# I thought I've heard of everything



## Wuzzat? (Oct 24, 2012)

http://www.sciencedaily.com/releases/2012/10/121024140250.htm


----------



## nealtw (Oct 24, 2012)

Look at that, you could get a degree studying real useless information.


----------



## Admin (Oct 25, 2012)

[ame]http://www.youtube.com/watch?v=CnYeeYmT4tI[/ame]

Wow, that's creepy. 

That's an interesting read. 

Nealtw, isn't most information useless till you find an application for it? 

I'm full of useless knowledge, but the second I can use it it ceases to be useless and justifies the energy spent learning it.


----------



## Wuzzat? (Oct 25, 2012)

nealtw said:


> Look at that, you could get a degree studying real useless information.

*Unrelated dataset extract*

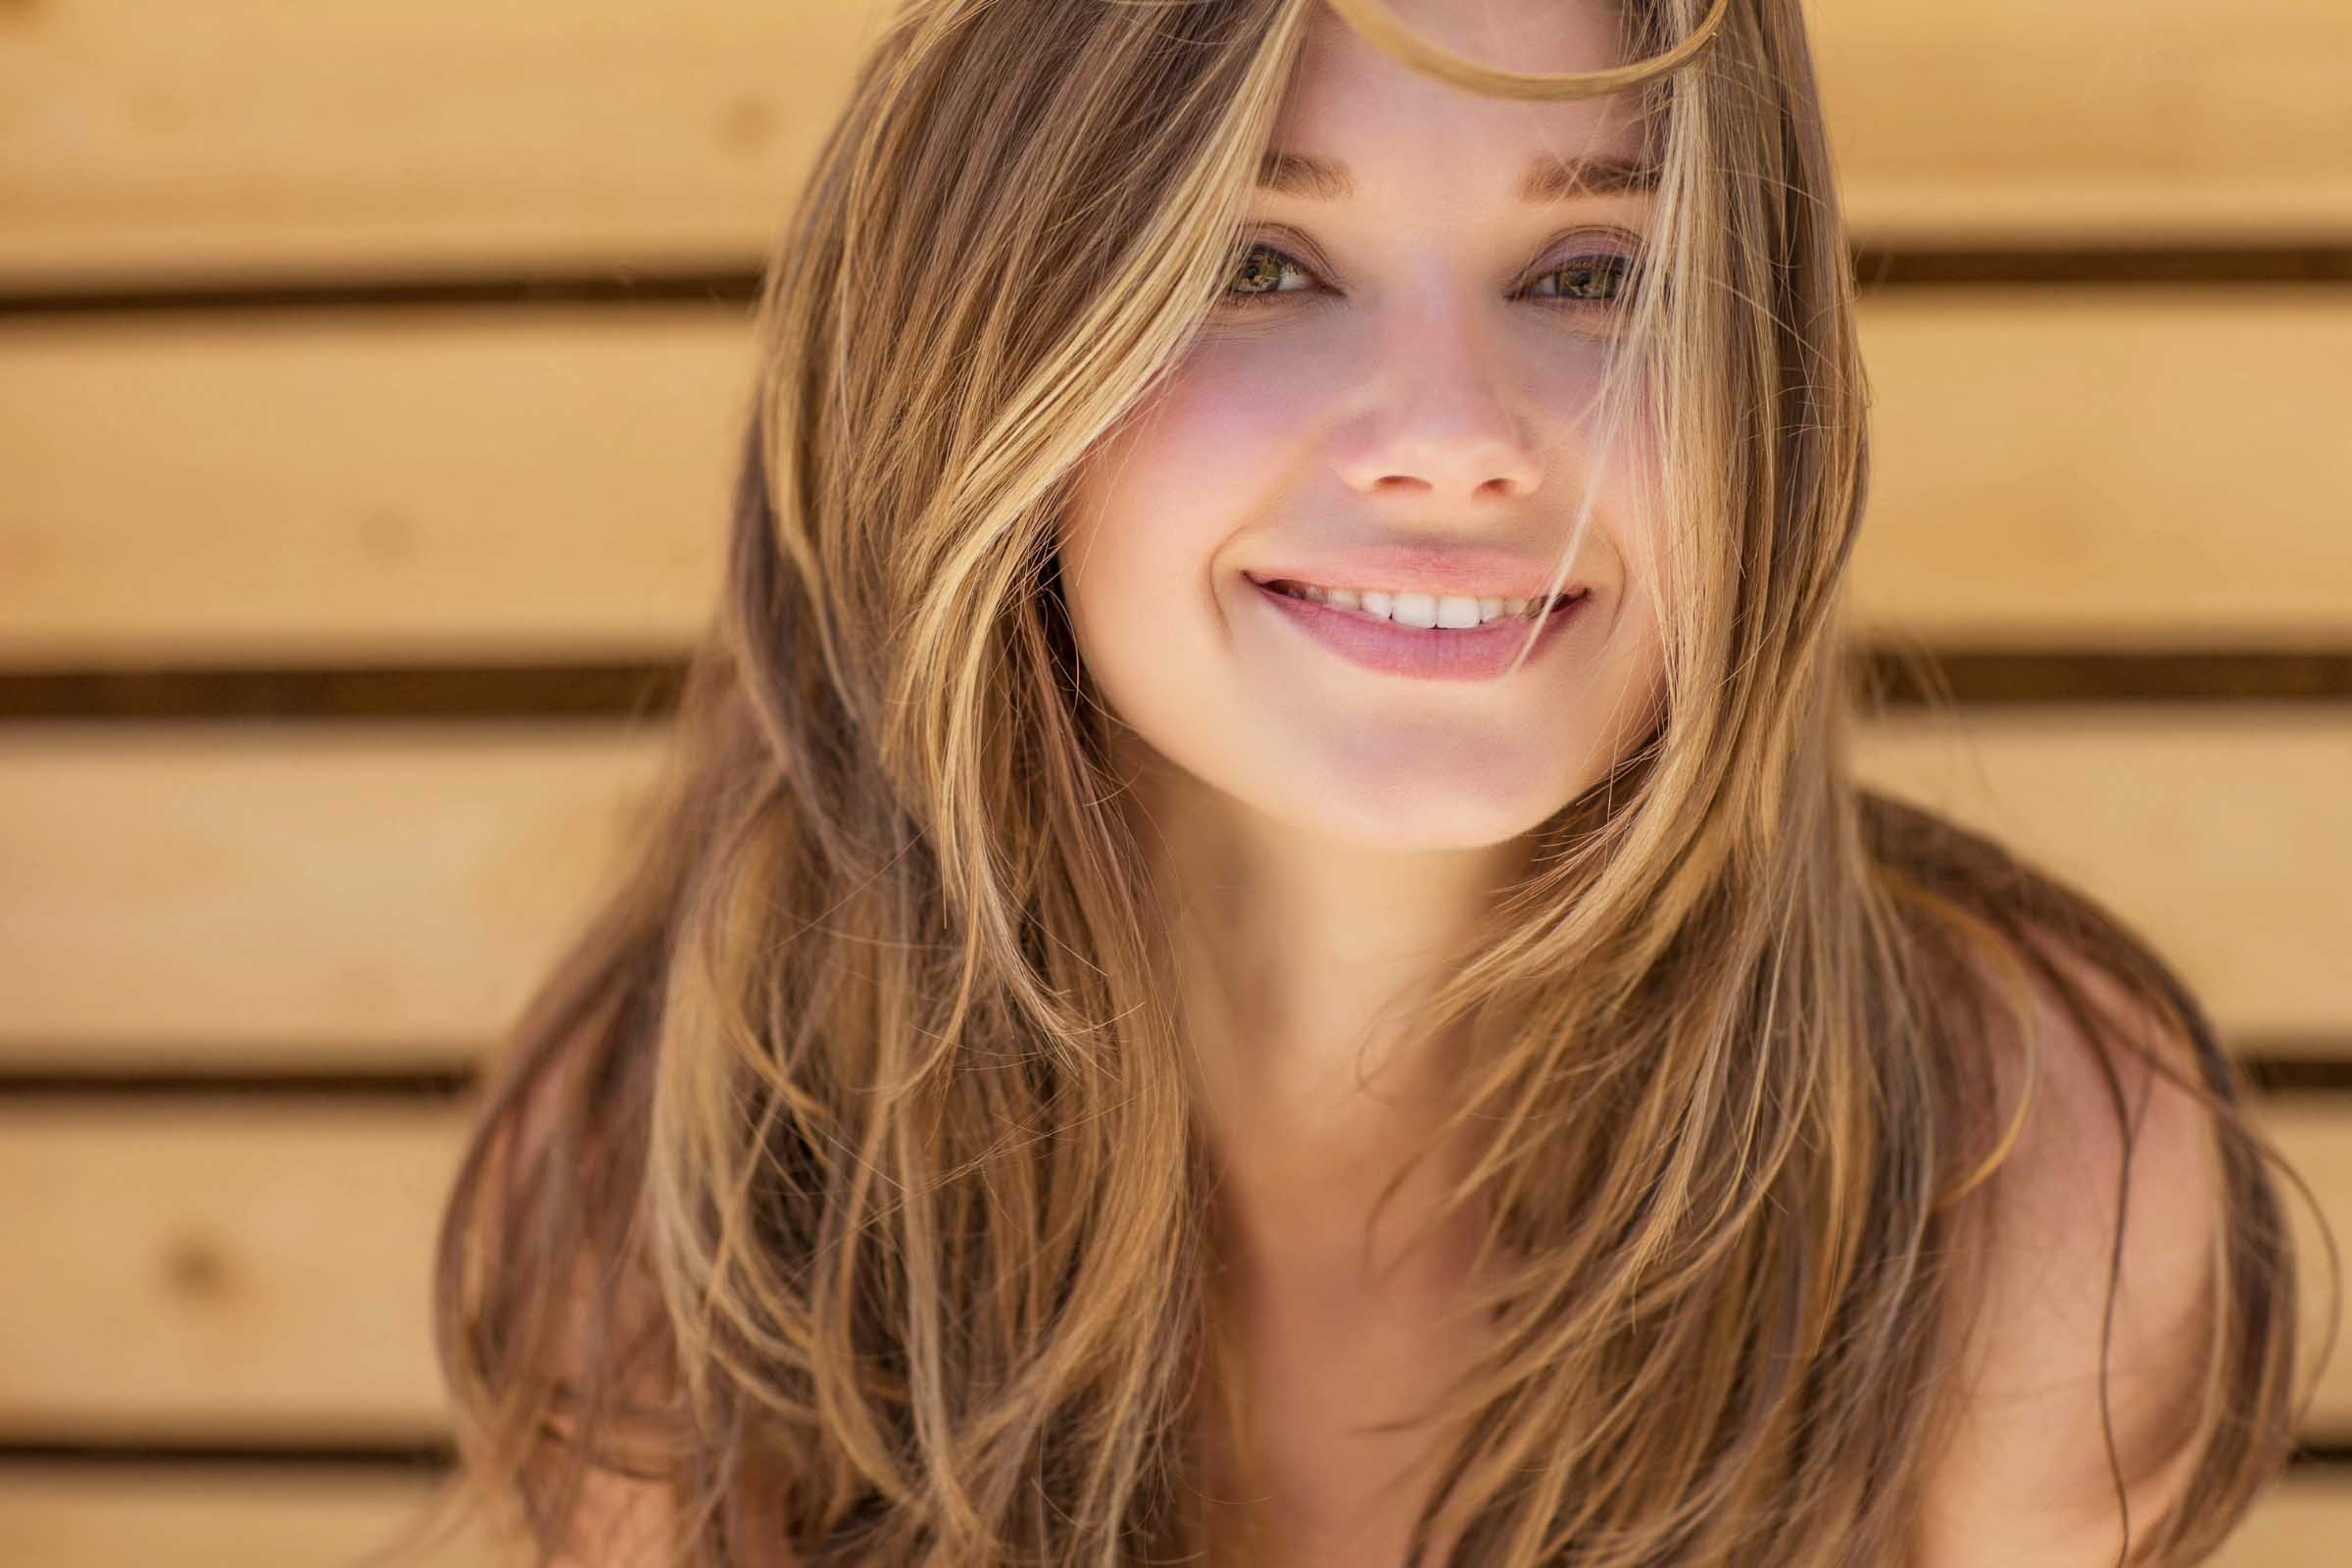 Tips for Choosing the Right Shade of Blonde Highlights

Of the three basic drives of sex, aggression and mastery I guess this is mastery.  
This particular effort may turn out to be useless and I wouldn't want to pay for it and I think it is a poor allocation of research effort but people in general are driven to satisfy their curiosity.
BTW, conquering space was supposed to be about mastery but it's becoming militarized.


----------



## nealtw (Oct 25, 2012)

Nealtw, isn't most information useless till you find an application for it? 
Yup! It does help fill the voids in an otherwise empty brain.


----------



## Admin (Oct 25, 2012)

Wuzzat? said:


> Of the three basic drives of sex, aggression and mastery I guess this is mastery.
> This particular effort may turn out to be useless and I wouldn't want to pay for it and I think it is a poor allocation of research effort but people in general are driven to satisfy their curiosity.
> BTW, conquering space was supposed to be about mastery but it's becoming militarized.



In this regard wouldn't a conquest by it's very nature be militarized? 



nealtw said:


> Nealtw, isn't most information useless till you find an application for it?
> Yup! It does help fill the voids in an otherwise empty brain.

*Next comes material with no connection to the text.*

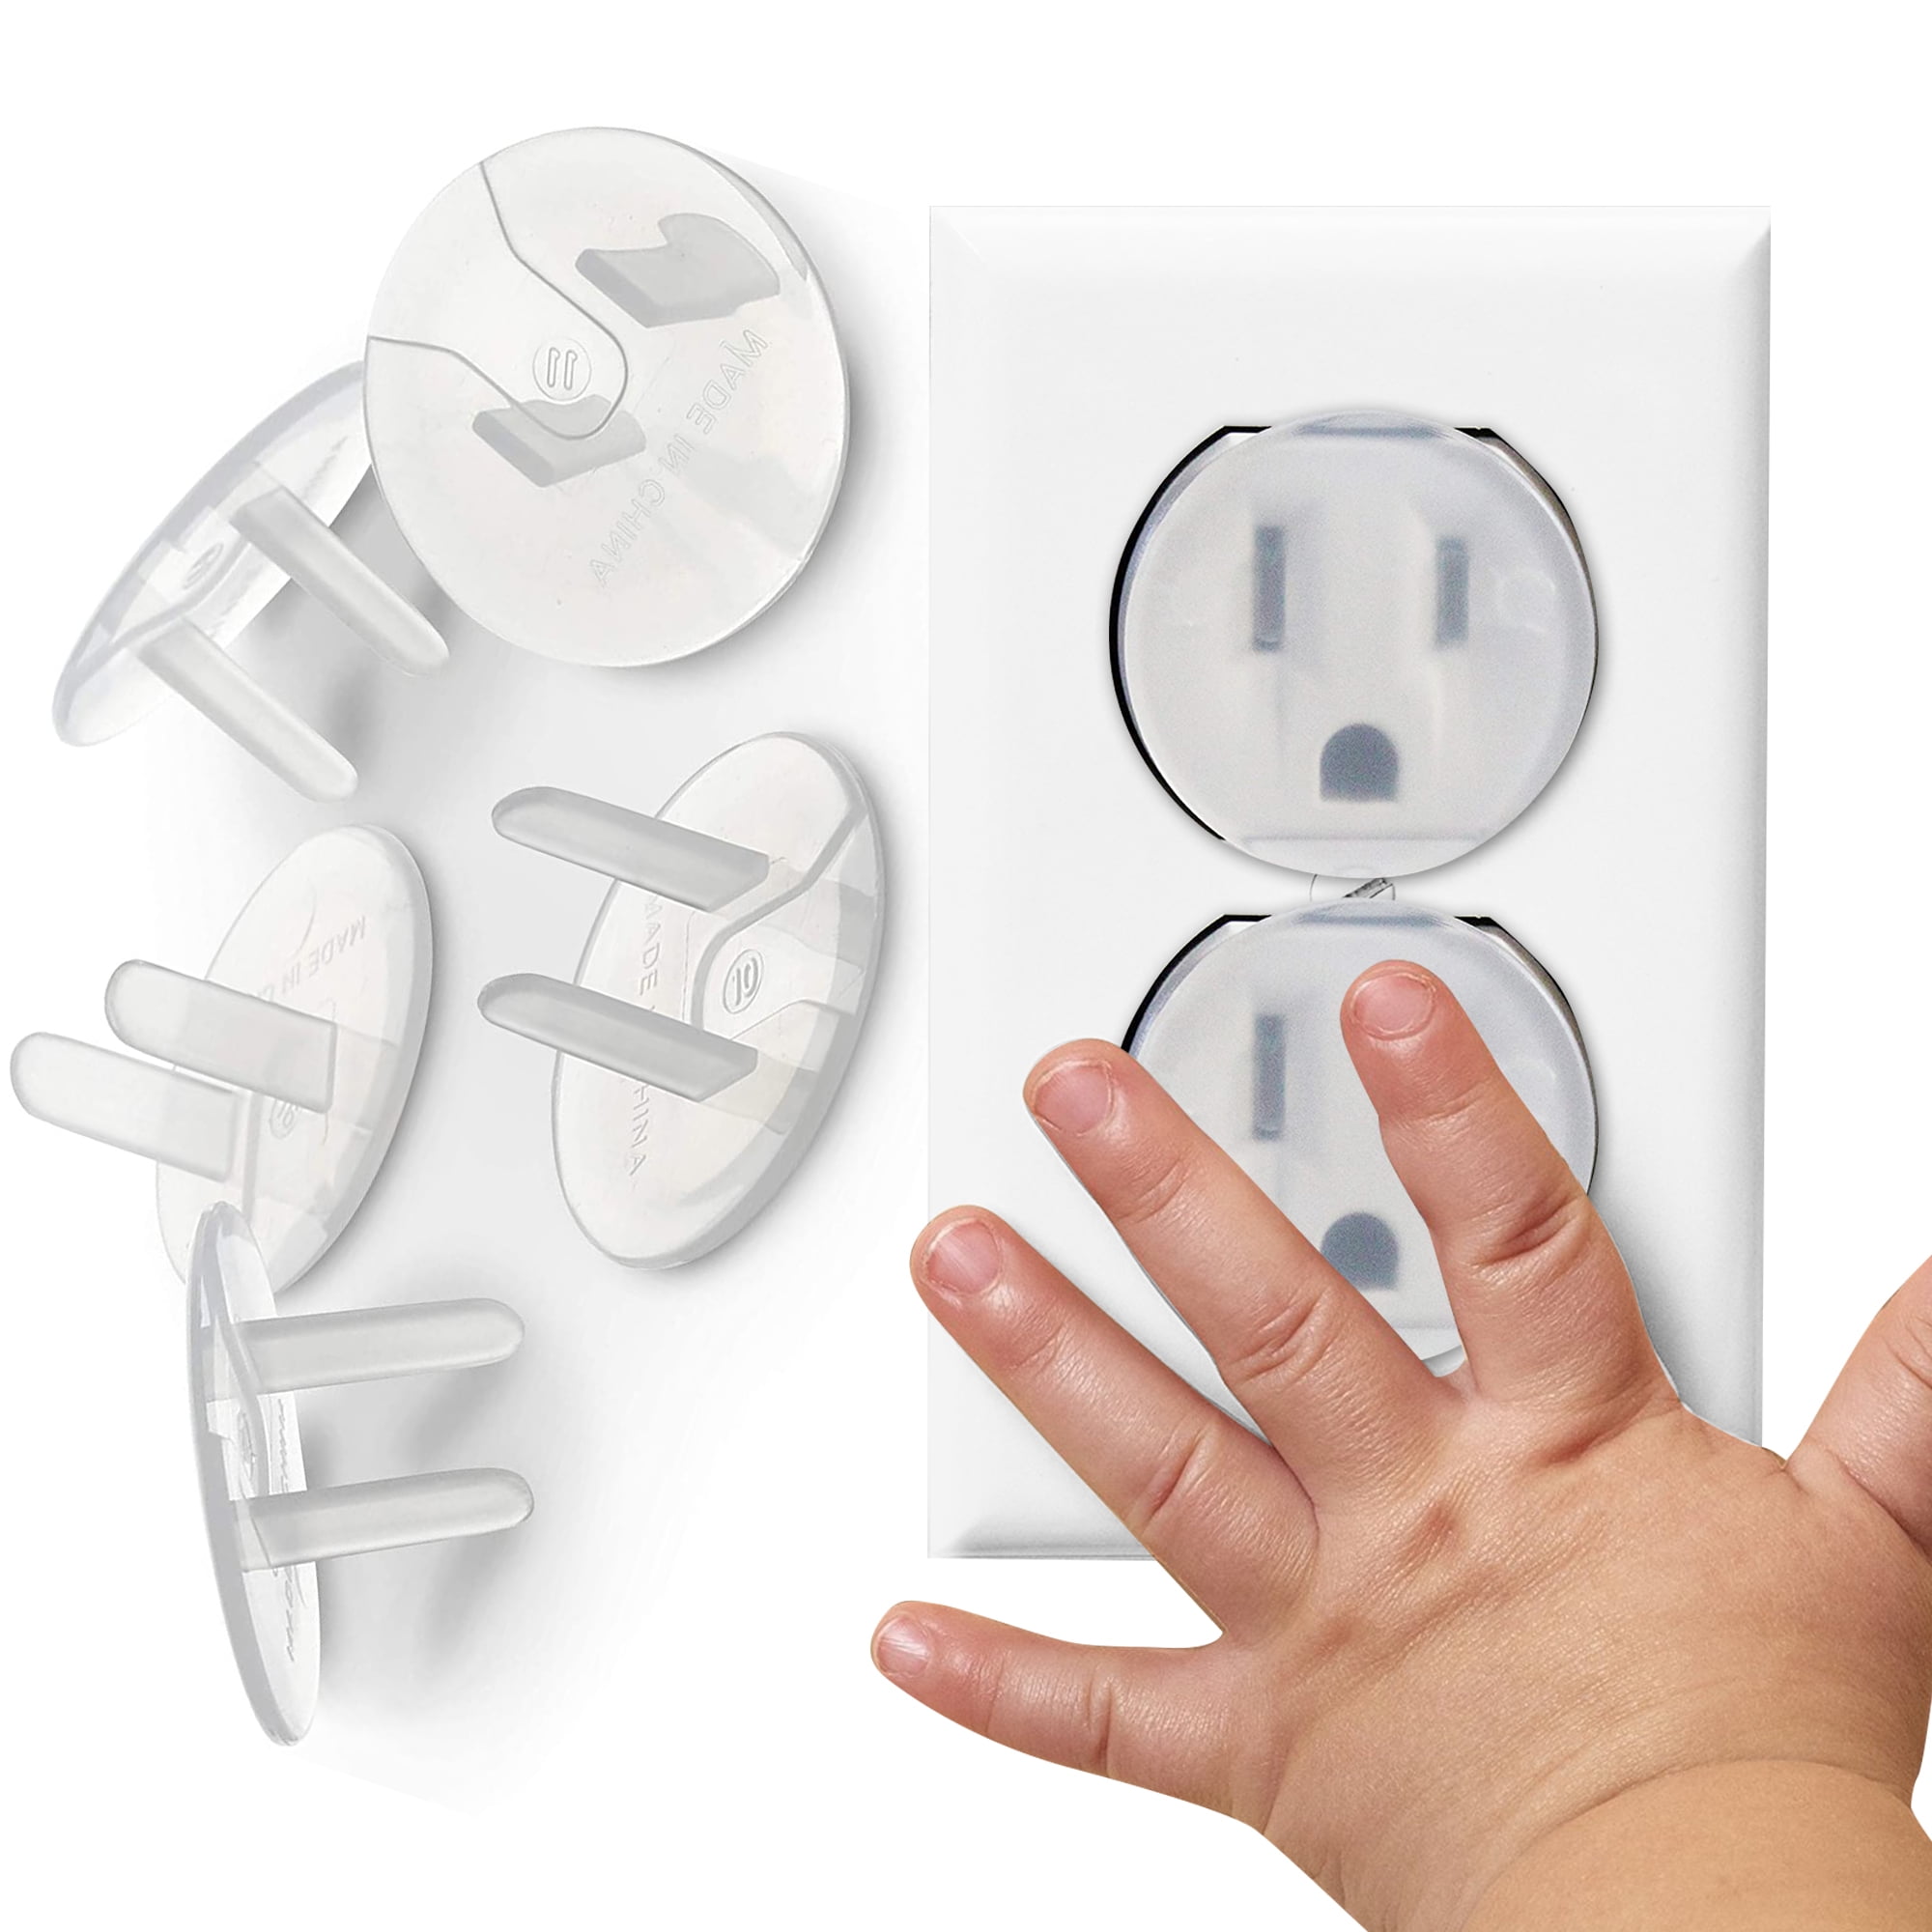 How to baby proof electrical outlets

I hear that. Sometime the echo from ear to ear gets to me.


----------



## Wuzzat? (Oct 26, 2012)

Austin said:


> In this regard wouldn't a conquest by it's very nature be militarized?


No, 'cause space doesn't fight back. . .?


----------



## nealtw (Oct 26, 2012)

So if I want to be in the military and don't want to fight, I should be a space cadet.


----------



## Wuzzat? (Oct 27, 2012)

nealtw said:


> So if I want to be in the military and don't want to fight, I should be a space cadet.


There's something wrong with your reasoning here but it may take me a while to figure out what it is.


----------



## Admin (Oct 28, 2012)

Wuzzat? said:


> No, 'cause space doesn't fight back. . .?



Well then what's the conquest when nature takes it back? It more of a reclamation.


----------



## nealtw (Nov 1, 2012)

Definition for reclamation:
Web definitions:
the conversion of wasteland into land suitable for use of habitation or cultivation.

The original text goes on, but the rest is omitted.